▶ WHAT YOU WILL DO
Only the lines below from the one that holds "Peter Millar 100%" through the one that holds "Das Bild zeigt" should appear in the answer, copied exactly, end lines included and pictures omitted.

▶ DATA SHOWN
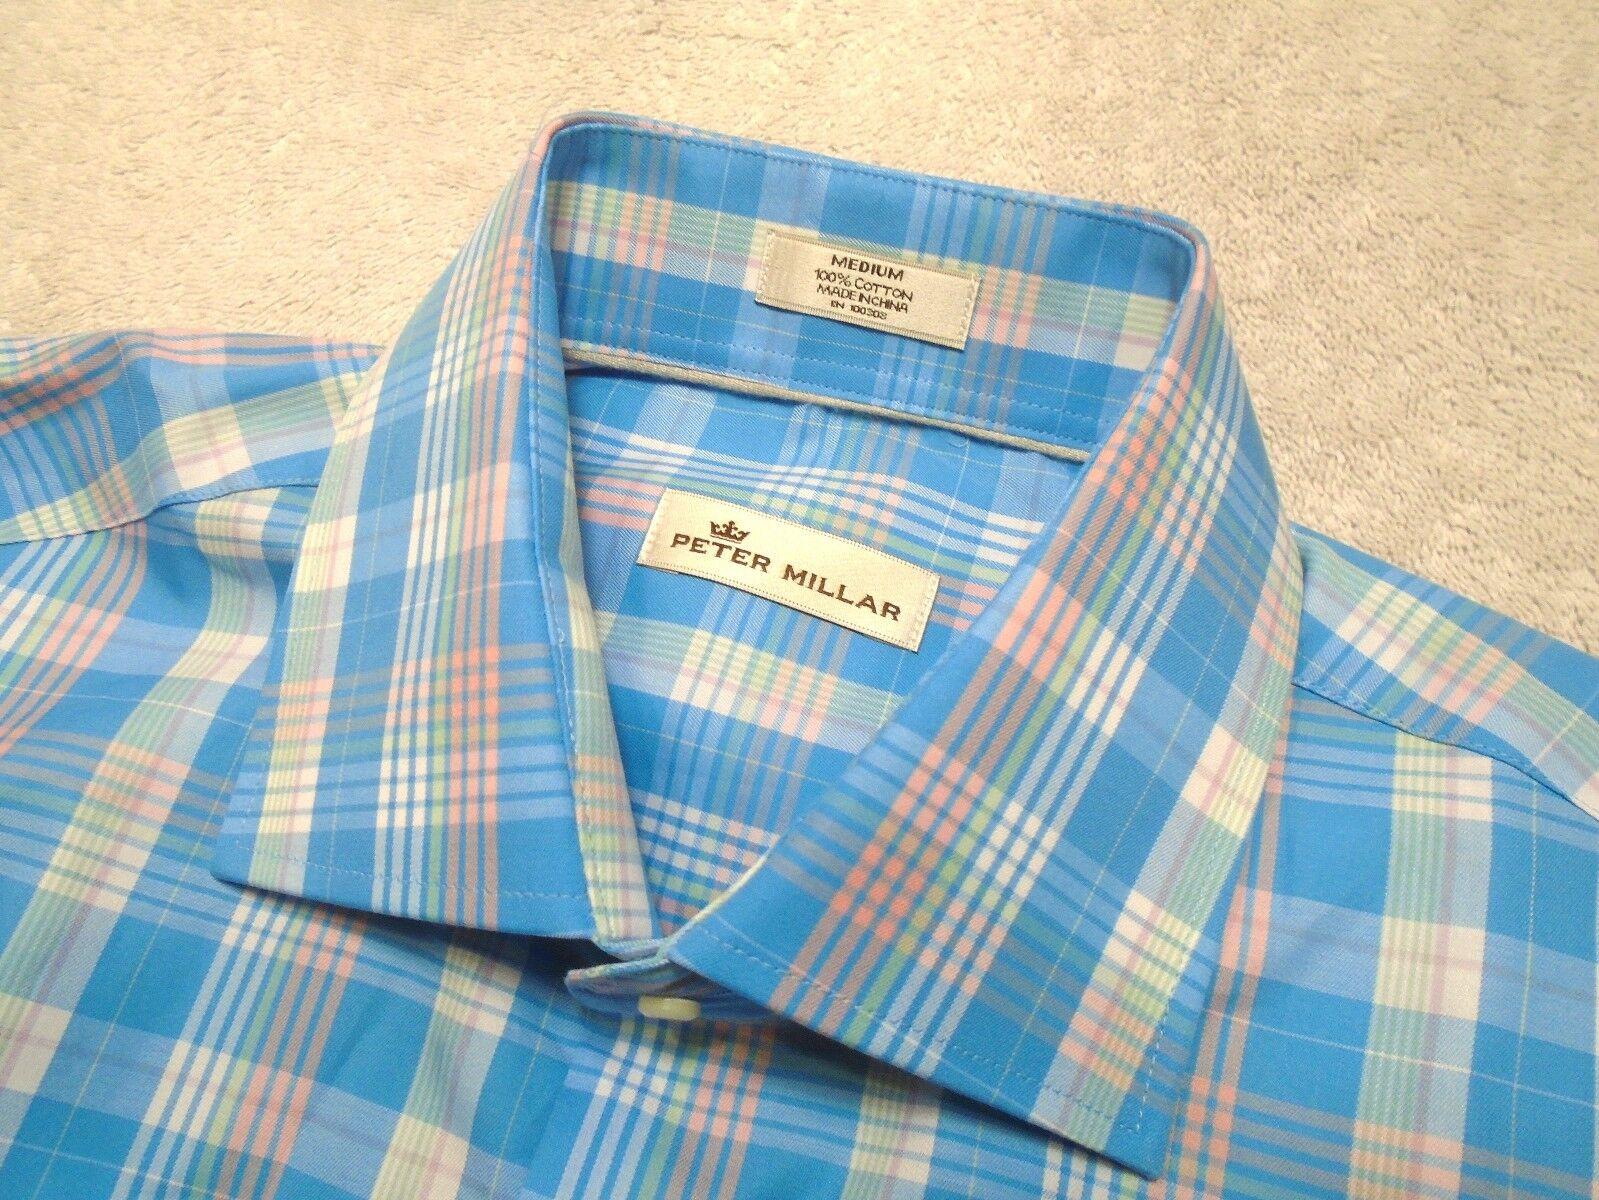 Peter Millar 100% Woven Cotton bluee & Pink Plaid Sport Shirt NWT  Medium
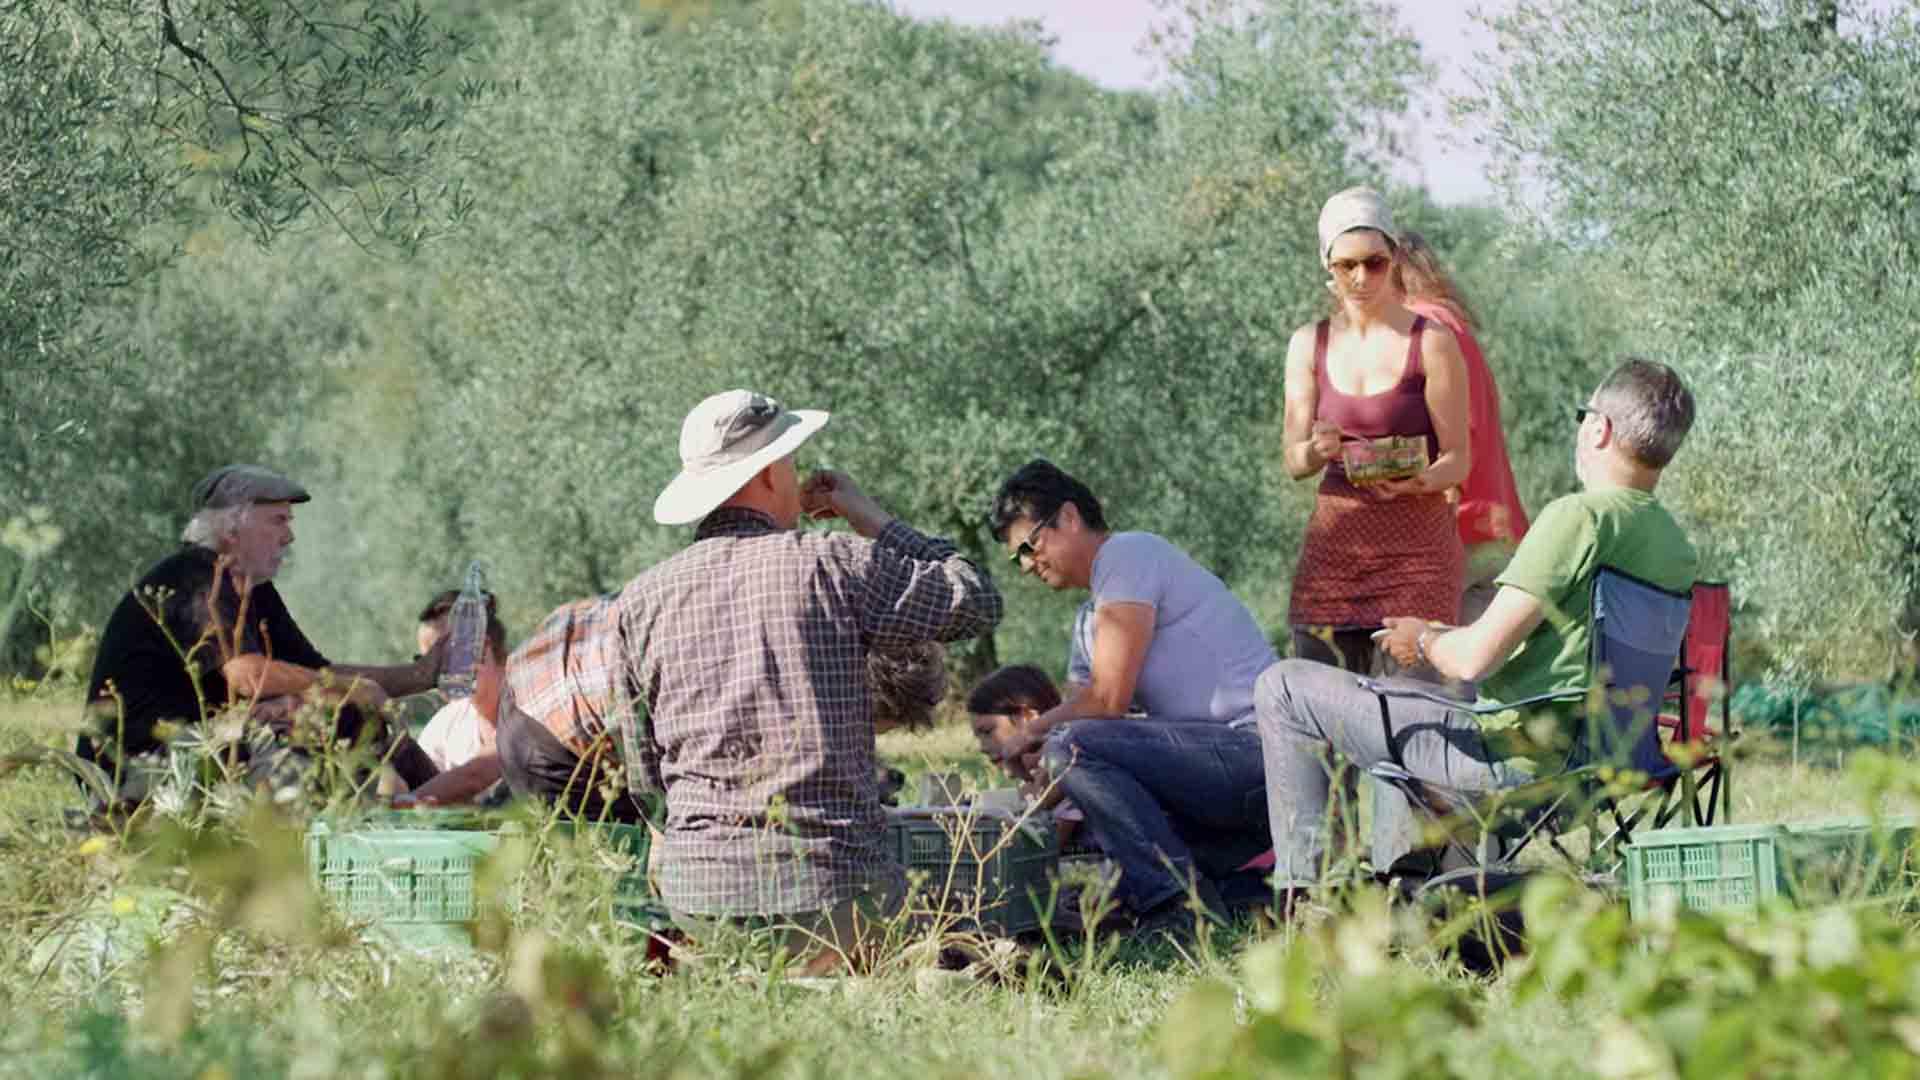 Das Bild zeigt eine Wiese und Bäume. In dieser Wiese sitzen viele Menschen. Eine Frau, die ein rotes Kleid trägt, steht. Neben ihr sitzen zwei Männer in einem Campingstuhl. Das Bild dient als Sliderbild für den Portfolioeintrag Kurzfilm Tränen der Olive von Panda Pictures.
* * *
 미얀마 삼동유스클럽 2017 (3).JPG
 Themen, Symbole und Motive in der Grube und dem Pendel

▶ RESPONSE AREA
 Peter Millar 100% Woven Cotton bluee & Pink Plaid Sport Shirt NWT  Medium
 Das Bild zeigt eine Wiese und Bäume. In dieser Wiese sitzen viele Menschen. Eine Frau, die ein rotes Kleid trägt, steht. Neben ihr sitzen zwei Männer in einem Campingstuhl. Das Bild dient als Sliderbild für den Portfolioeintrag Kurzfilm Tränen der Olive von Panda Pictures.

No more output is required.